Я двинулся переулком вниз, к площади, и почувствовал спиной: сзади что-то случилось. Напротив церковного крылечка в совершенной растерянности стояла интеллигентного вида женщина, а по асфальту наперегонки неслись яблоки. Она перегрузила пластиковую сумку — ручки лопнули, пакеты вывалились на землю. Публика, обвешанная авоськами, в замешательстве посторонилась, освобождая продуктам путь. Яблоки неслись, огурцы катились, сосиски ползли по-пластунски. Ногой я остановил крупный плод, потом еще один. Протер их платком, помахал — в знак благодарности — кормушке.
Яблоки пахли югом.
Секретарша ждала меня в машине.
– Откуда это? — спросила она.
– Так… Один приятель просил тебе передать. Лично из рук в руки.
– Это кто ж такой?
– Змий.
11
Она распустила губы в лукавой — типично лисьей улыбке; она медленно, внимательно полировала твидовым манжетом зеленый, с красной подпалиной, яблочный бок — и твид наносил на плод слой прохладного бутафорского блеска. Я следил за ее священнодействием… За тем, как она двумя пальцами держит плод за черенок и осторожно укладывает его в ритуально приподнятую на уровень лица лунку ладони. Как, склонив голову, сузив глаза, разглядывает плутание красного тона в зеленой кожице — его медленное, словно движение кляксы, клюнувшей промокашку, разрастание. Как, не спеша, она сдвигает взгляд в мою сторону и, наконец, пепельные ее и восхитительно-влажные (как я этой влаги прежде не замечал?) глаза застывают в откровенно порочном искосе. И как она, не меняя острый угол зрения, несет яблоко к тонко улыбающемуся рту, а рот медленно, медленно распахивается, но в последний момент наплыв ее ладоней-лодочек со священным грузом приостанавливается — и все это я наблюдаю, кажется, целую вечность.

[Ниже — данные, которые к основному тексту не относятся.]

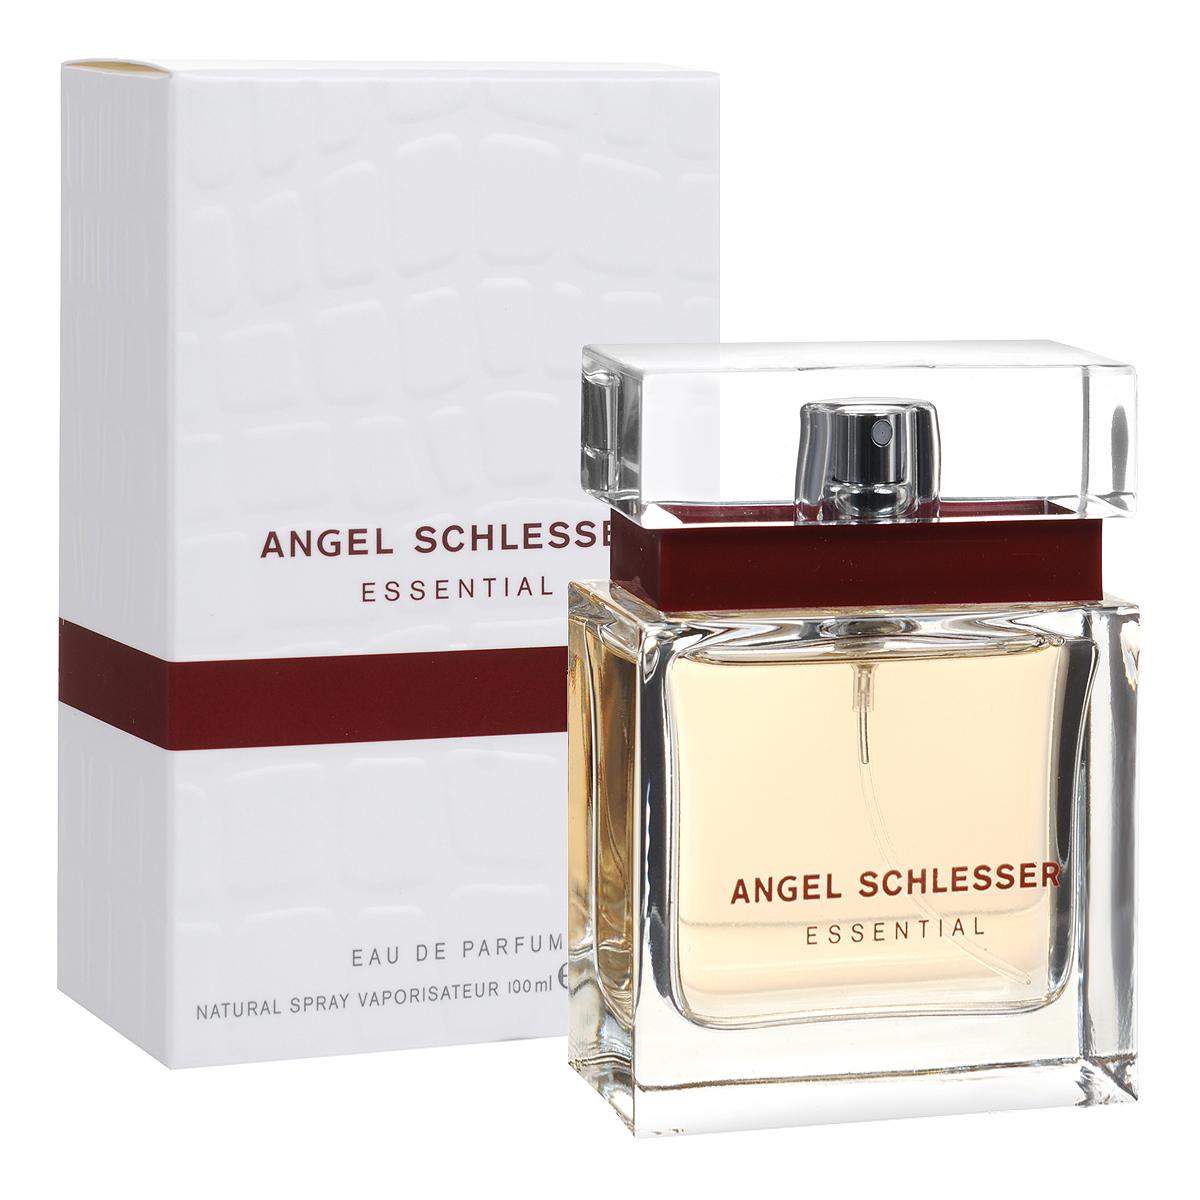 Angel Schlesser Парфюмерная вода Essential, женская, 100 мл25732Женский аромат Angel Schlesser Essential создан для современной, уверенной в себе женщины, которая следит за новыми тенденциями в мире моды и парфюмерии. Он посвящен элегантной, соблазнительной и неповторимой женщине. Она обладает яркой маняще-откровенной красотой, но в то же время скрывает в себе неразрешимую притягательную тайну. Эта тайна делает ее особенной, непохожей на других, наполняя сосуд ее красоты бесконечным и драгоценным содержанием.Классификация аромата: цветочно-фруктовый. Пирамида аромата: Верхние ноты: бергамот, красная смородина, свежесть фруктов. Ноты сердца: болгарская роза, пион, фрезия, фиалка.. Ноты шлейфа:мускус, ветивер, сандал. Ключевые слова нежный, свежий!Самый популярный вид парфюмерной продукции на сегодняшний день - парфюмерная вода. Это объясняется оптимальным балансом цены и качества - с одной стороны, достаточно высокая концентрация экстракта (10-20% при 90% спирте), с другой - более доступная, по сравнению с духами, цена. У многих фирм парфюмерная вода - самый высокий по концентрации экстракта вид товара, т.к. далеко не все производители считают нужным (или возможным) выпускать свои ароматы в виде духов. Как правило, парфюмерная вода всегда в спрее-пульверизаторе, что удобно для использования и транспортировки. Так что если духи по какой-либо причине приобрести нельзя, парфюмерная вода, безусловно, - самая лучшая им замена. Товар сертифицирован.

Мне кажется, я слышал ее — вечности — дыхание в затылок; она растекалась по заднему сидению и внимательно наблюдала, как души первоженщины и моей попутчицы плавно соединяются, входят друг в друга и друг друга — обнимают.
– Ешь быстрее! — я резко спустил ручник. — Иначе нам придется заняться этим прямо здесь.
Она алчно — широким захватом — атаковала плод; капля мутноватого сока вспухла в уголке ее рта.
12
Машину я поставил во двор, под самое окно — с тем расчетом, чтобы, в случае чего, обеспечить прицельность гранатометания. Машины теперь курочат едва ли не каждую ночь. Если этих ночных дел мастера облюбуют мою, я открою окно и стану прицельно метать в них тяжелые бутылки из-под шампанского. До тех пор, пока не проломлю кому-нибудь из них башку.
У моего дома два хода: обычный и черный — тот, что выходит во двор.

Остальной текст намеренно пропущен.